I don't think it is often going to be the case that we want to have a function taking a callback, where both said function and the callback function are both not annotated with quantified (aka concrete) types. And for those cases where might have wanted to do that, we won't. We will have to annotate. For myself and also for readers, please provide me a convincing example showing this annotation overhead (in this specific case of type variables we are discussing) is a significant burden justifying abandoning the ability to compose functions generally?

Edit: also nothing stops you from using the method you prefer in your code and achieving type infererence. I am asking why we must force everyone to abandon function composition generality in all code, when they can choose to annotate.

I don't think I like complex code without type annotations. Raises cognitive load due to lack of explicit local reasoning. Type inference is useful where the reader can easily figure out in their head what the type annotations would have been. This is one of my big complaints that makes Haskell code so obtuse to read IMO.

keean commented 7 years ago

I don't think it is often going to be the case that we want to have a function taking a callback, where both said function and the callback function are both not annotated with quantified (aka concrete) types. And for those cases where might have wanted to do that, we won't. We will have to annotate. For myself and also for readers, please provide me a convincing example showing this annotation overhead (in this specific case of type variables we are discussing) is a significant burden justifying abandoning the ability to compose functions generally?

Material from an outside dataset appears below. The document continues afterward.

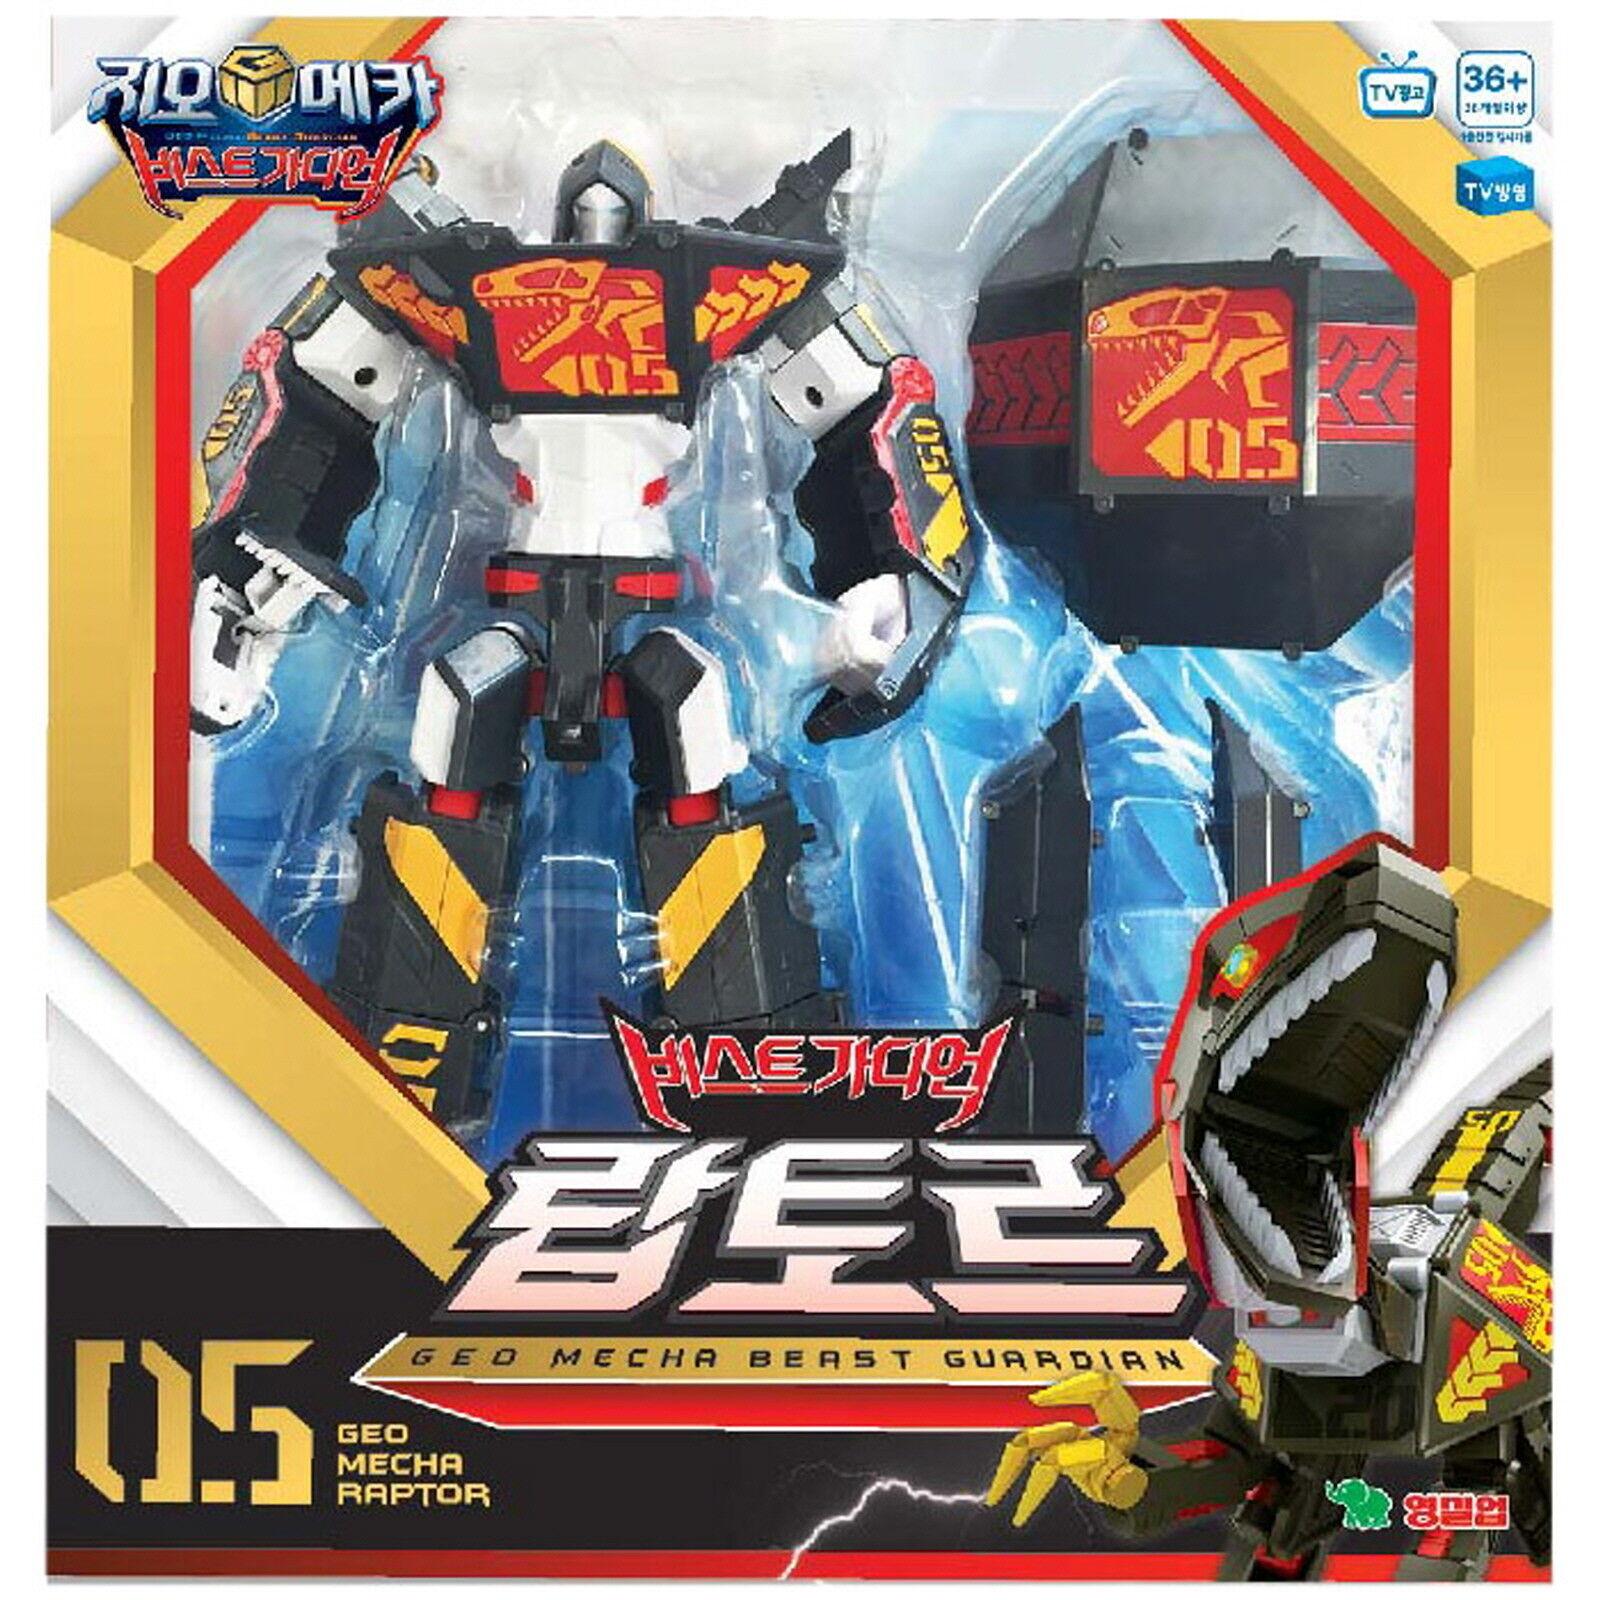 Geo Mecha Beast Guardian RAPTOR Transformer Robot Dinosaurs Toy Action Figure

There is no loss in expressive power (it even says so in the paper), and it will make the type signatures shorter and more readable.

There is no loss in composition, and I am not sure why you would suggest there is? Function type signatures don't compose, unless you are talking about copy-and-paste composition? Copy-and-paste just leads to stupid errors. Why bother with named functions at all, why not just copy and paste the raw-code? The same argument applies to types, it is better to have a named type you can re-use (like you call functions) rather than have people copy-and-paste huge complex and unintelligible type signatures.

keean commented 7 years ago

Okay so the research paper you cited is all about achieving type inference.

I disagree, it is all about avoiding having to have higher ranked type annotations. In Haskell (and all other languages I know of except those that use FCP) you must annotate higher ranked types because they cannot be inferred. Haskell cannot infer them, no language I know of can infer them. So this is not about inference. This is about how you achieve the annotation. We already need first-class-polymorphism to correctly handle type-class dictionaries, so we already will have the mechanism for it.

We can keep the language simpler and keep the full expressive power, how could anyone not want that?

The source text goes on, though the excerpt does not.